November 11, 2005
Kris wrote:
> This is the long standing mishmash between character literal arguments and parameters of type char[], wchar[], and/or dchar[]. Character literals don't really have a "solid" type ~ the compiler can, and will, convert between wide and narrow representations on the fly.
> 
> Suppose you have the following methods:
> 
> void write (char[] x);
> void write (wchar[] x);
> void write (dchar[] x);
> 
> Given a literal argument:
> 
> write ("what am I?");
> 
> D doesn't know whether to invoke the char[] or wchar[] signature, since the literal is treated as though it's possibly any of the three types. This is the kind of non-determinism you get when the compiler becomes too 'smart' (unwarranted automatic conversion, in this case).

I agree, except that I think the problem in this case is that it's not converting "from" anything! There's no "exact match" which it tries first.

A parallel case is that a floating point literal can be implicitly converted to float, double, real, cfloat, cdouble, creal. For fp literals, the default is double.

It's a bit odd that with
dchar [] q = "abc";  wchar [] w = "abc"
"abc" is a dchar literal the first time, but a wchar literal the second,whereas with
real q = 2.5;  double w = 2.5;
2.5 is a double literal in both cases.

No wonder array literals are such a problem...
November 11, 2005
In article <4374598B.30604@nospam.org>, Georg Wrede says...
> 

> 
>The compiler knows (or at least _should_ know) the character width of the source code file. Now, if there's an undecorated string literal in it, then _simply_assume_ that is the _intended_ type of the string!
> 

The *programmer* assumes so *anyway*.

Why on earth should the copiler assume anything else!

BTW, D is really cool!



November 11, 2005
"Jarrett Billingsley" <kb3ctd2@yahoo.com> wrote in message news:dl18s7$2r6i$1@digitaldaemon.com...
> "Kris" <fu@bar.com> wrote in message news:dl0ngf$2f7s$1@digitaldaemon.com...
>> Still, it troubles me that one has to decorate string literals in this manner, when the type could be inferred by the content, or by a cast() operator where explicit conversion is required.
>
> If I'm not mistaken, these suffixes were created to get _away_ from the casts ;)

It really does nothing but 'recast' the problem.

Don't you think the type can be inferred from the content? For the sake of discussion, how about this:

1) if the literal has a double-wide char contained, it is defaulted to a dchar[] type.

2) if not 1, and if the literal has a wide-char contained, if defaults to being of wchar[] type.

3) if neither of the above, it defaults to char[] type.
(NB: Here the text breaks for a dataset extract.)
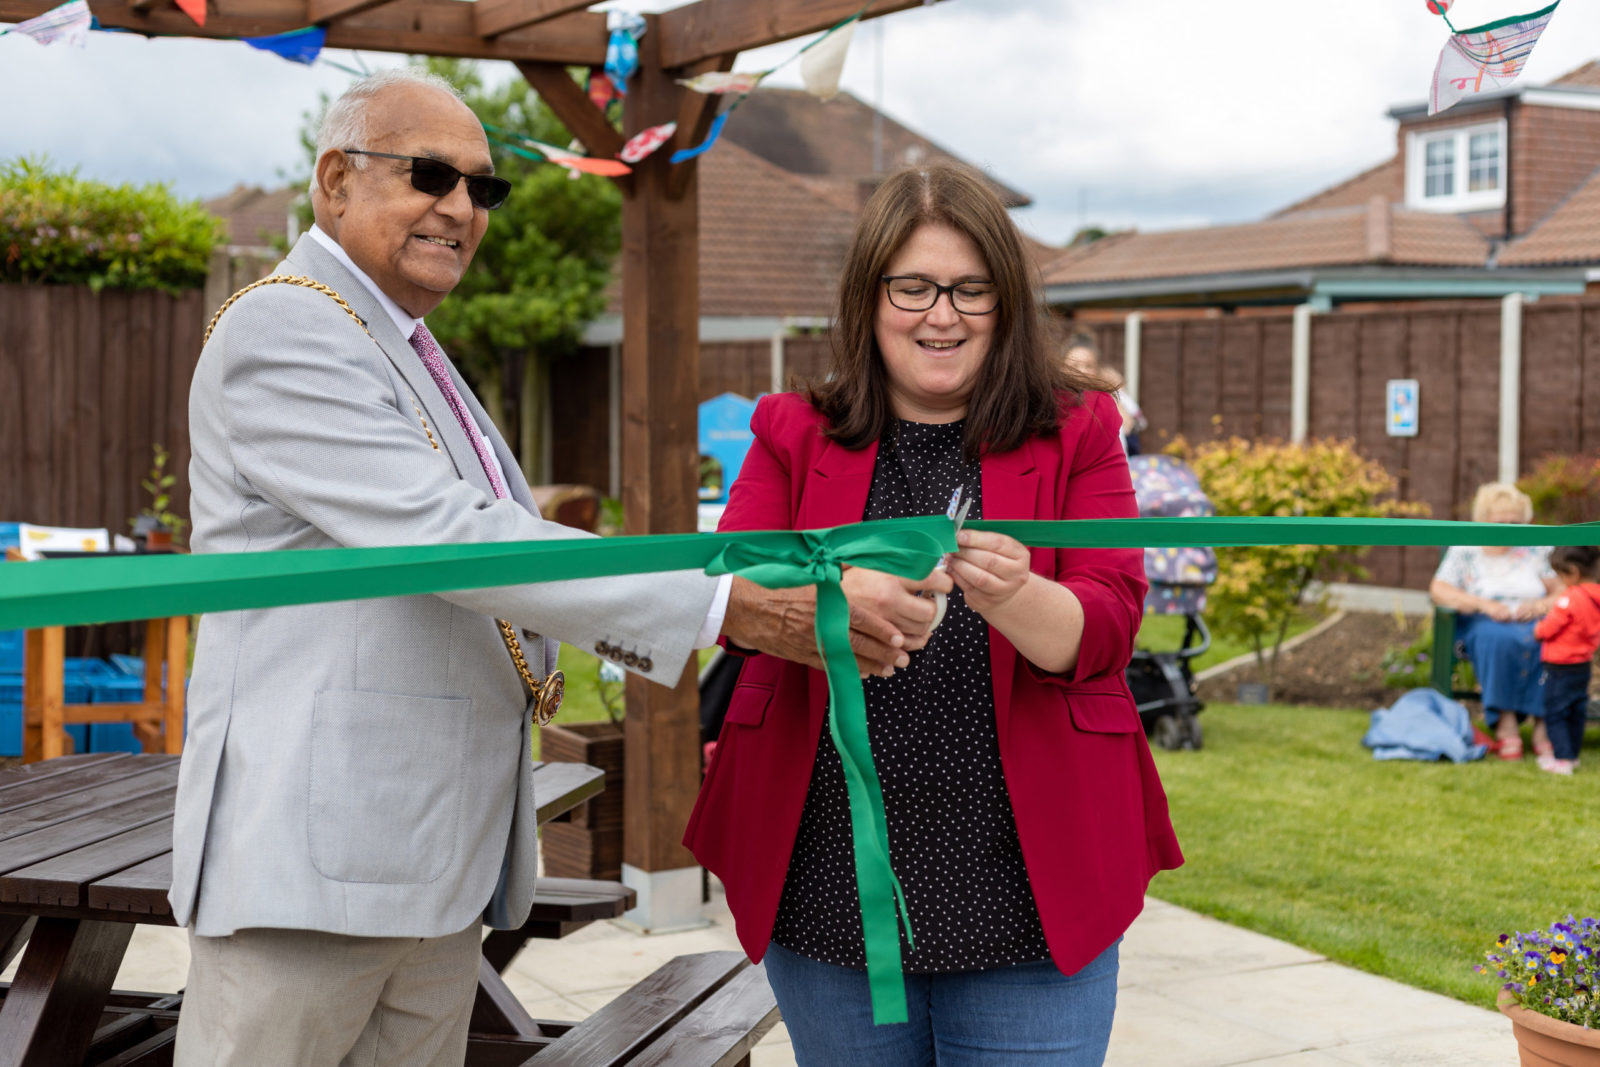 Rachel and Cllr Hussain Mayor of Luton cutting a green ribbon

Given the above, I can't think of a /common/ situation where casting would be thus be required.



November 11, 2005
"Georg Wrede" <georg.wrede@nospam.org> wrote ...
> Kris wrote:
>> This is the long standing mishmash between character literal arguments and parameters of type char[], wchar[], and/or dchar[]. Character literals don't really have a "solid" type ~ the compiler can, and will, convert between wide and narrow representations on the fly.
>
> Compared to the bit thing I recently "bitched" about, this, IMHO, is an issue one can accept better. :-)
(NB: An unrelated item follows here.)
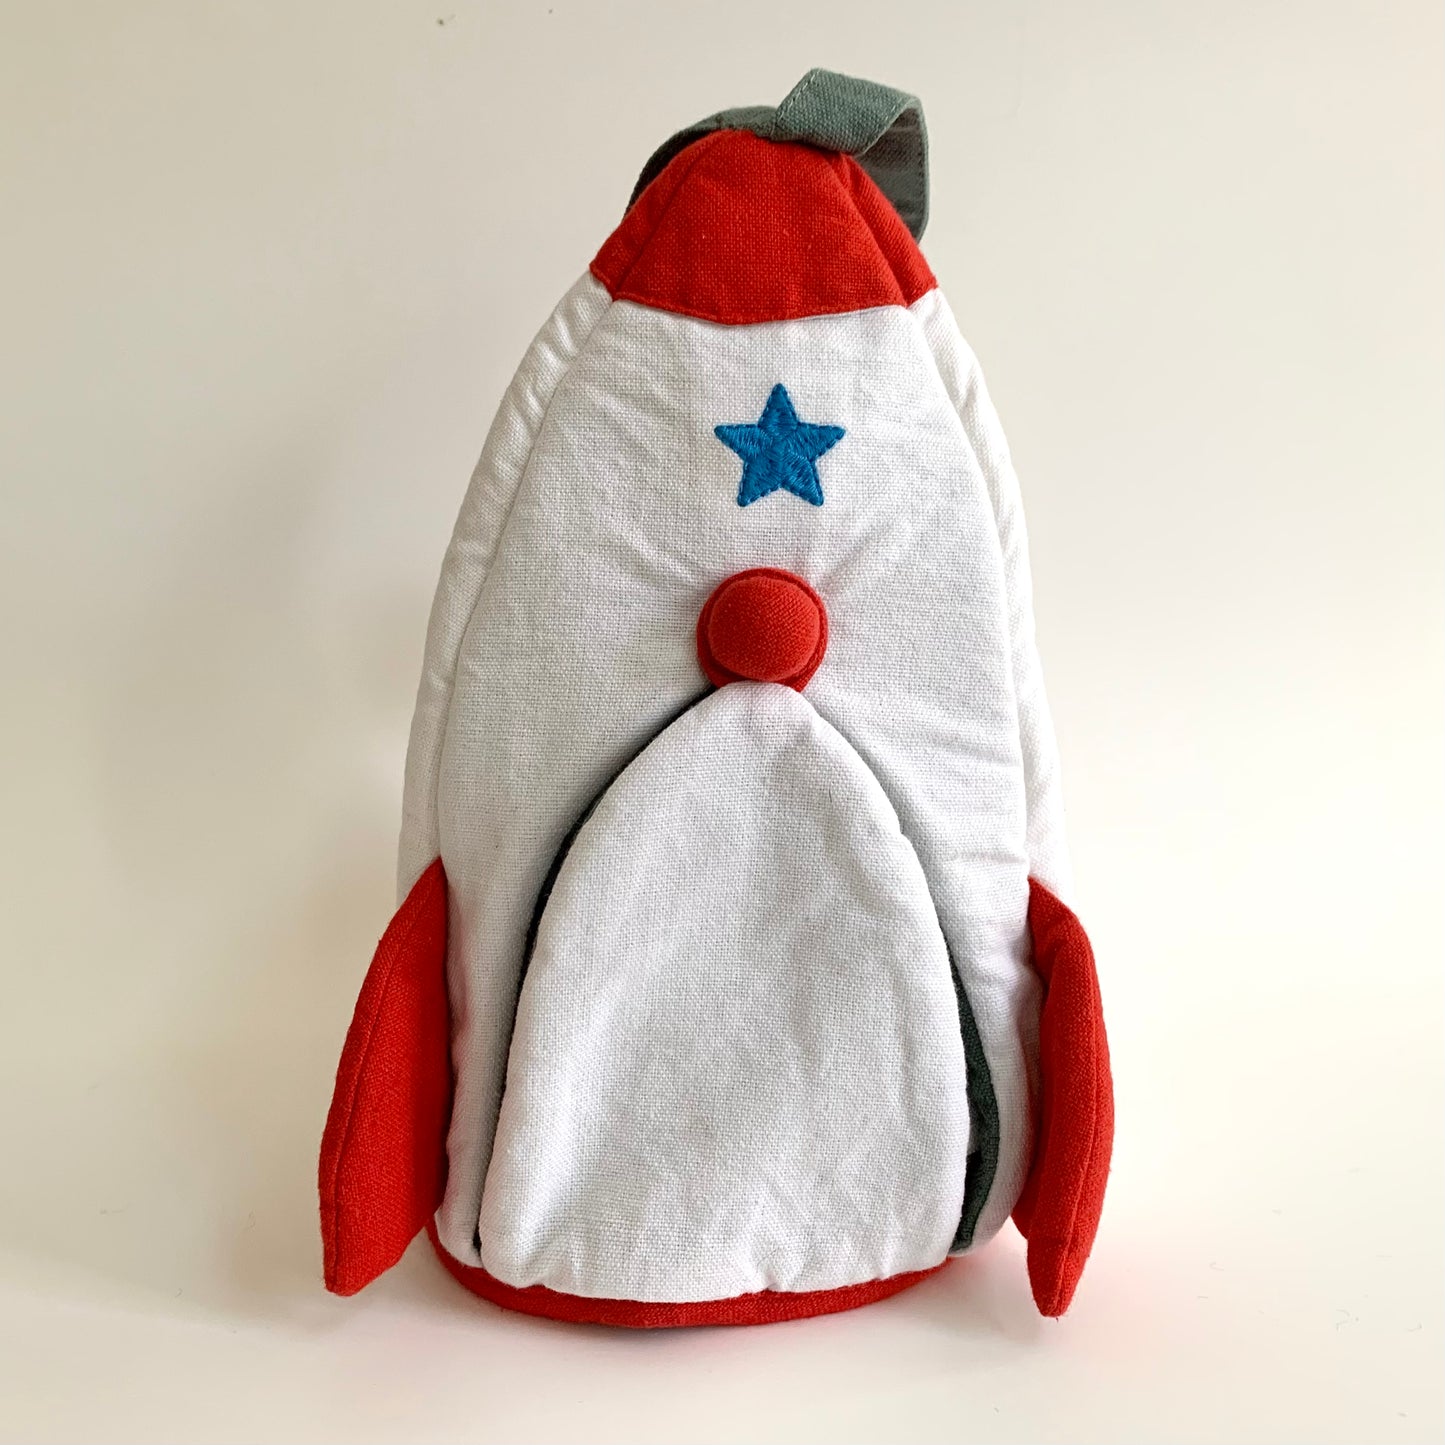 Handmade rocket ship toy

That doesn't make it any less problematic :-)


> It is a problem for small example programs. Larger programs tend to (and IMHO should) have wrappers anyhow:

Not so. You'd see people complaining about this constantly if Stream.write() was not decorated to distinguish between the three relevant methods. Generally speaking, any code that deals with all three array types will bump into this. Mango.io has the same problem, since it exposes write() methods for every D type plus their array counterparts.


> Why not change Phobos
>
> void write ( char[] s) {.....};
> void write (wchar[] s) {.....};
> void write (dchar[] s) {.....};
>
> into
>
> void _write ( char[] s) {.....};
> void _write (wchar[] s) {.....};
> void _write (dchar[] s) {.....};
> void write (char[] s) {_write(s)};
>
> I think this would solve the issue with string literals as discussed in this thread.

Then, how would one write a dchar[] literal? You just moved the problem to the _write() method instead. I think there needs to be a general resolution instead.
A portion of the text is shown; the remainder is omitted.